Al-Amin founded Vijana FM in 2009. With over a decade of experience in communications, design and operations, he now runs a digital media consulting agency - Lateral Labs - in Dar-es-Salaam.


  1. Subi 8 years ago

    What an informative, educative, short & concise interview!
    A lot of skills to acquire from VijanaFM and Rakesh.
    Thanks for sharing.

  2. Kiranga 8 years ago

    Great work at a crucial time. Just the coming together of like – and sometimes different minds- is encouraging.

    My dissatisfaction on the state of our lack of excellence in financial management is naturally justified by our meager financial resources.
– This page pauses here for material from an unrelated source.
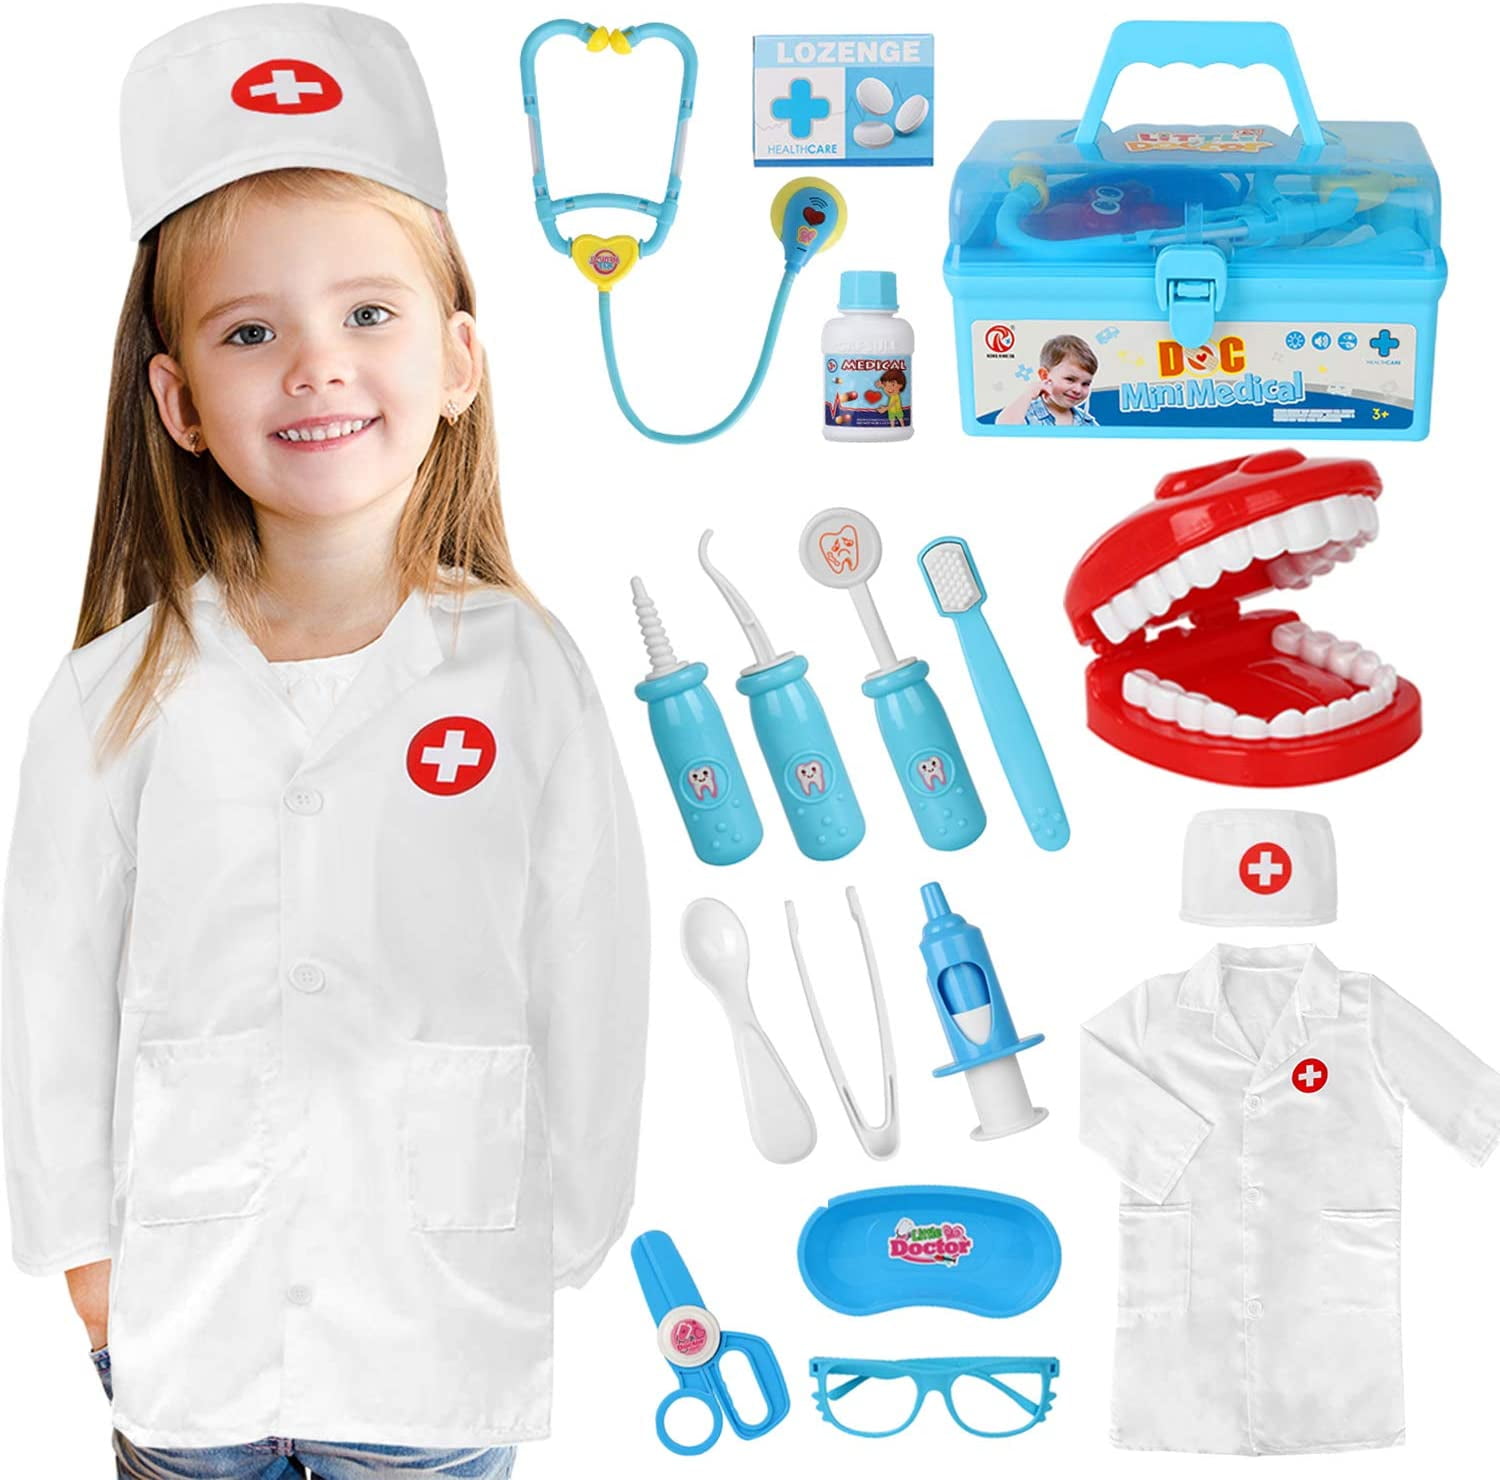 Children’s Kids Doctor's Nurse Uniform Fancy Dress Up Costume and Playset

To anecdote this cancerous stink, president Kikwete just lambasted Minister Ghasia on this very issue, albeit in a more theatric pageantry show than anything serious IMHO (What, no cabinet meetings to iron these out before embarassing each other in a live setting? Where is the action to accompany these numerous empty threats? ). For this reason, I am particularly excited about the budget examination initiative, it has the markings of an empowering tool if afforded the right cooperation and used rightly.

    I am really curious to find out specifically on whether we have goals for financial management amongst our bureaucrats. I know where I work for example managers are required to commit to a certain percentage (say 5% of adjusted plan) within which they must manage their budgets. Too many times I hear about mini-budgets that could potentially be so bloated to make the very idea of budgeting overly arbitrary and therefore meaningless.

    I would also like to know which Ministry returns money due to being overly frugal, if we even have such sages. I was told Ben Mkapa used to do that when he was still cultivating his “Mr. Clean” image.

  3. AM 8 years ago

    Nice interview, the audio is a great addition.

  4. ak 8 years ago

    @Kiranga – I share your enthusiasm for seeing more information about budgets and spending. The problem, as Twaweza is showing, is that these budgets are somewhat transparent only until the district level. So everyone in that district – every person, institution, and group – sees an aggregate sum of money, but does not have an idea of how much their immediete constituency has been delegated.

    I think there may be a way out of it if the government can reward “good” spending. I like your idea about returning unused money. What if budget handlers in the government were rewarded (monetarily through their salaries or through perks) if they met objectives and saved money? Of course, I say this assuming someday budgets will be transparent all the way through to every constituency, and so we’re talking about people handling budgets from the very top, to the very bottom of the hierarchy.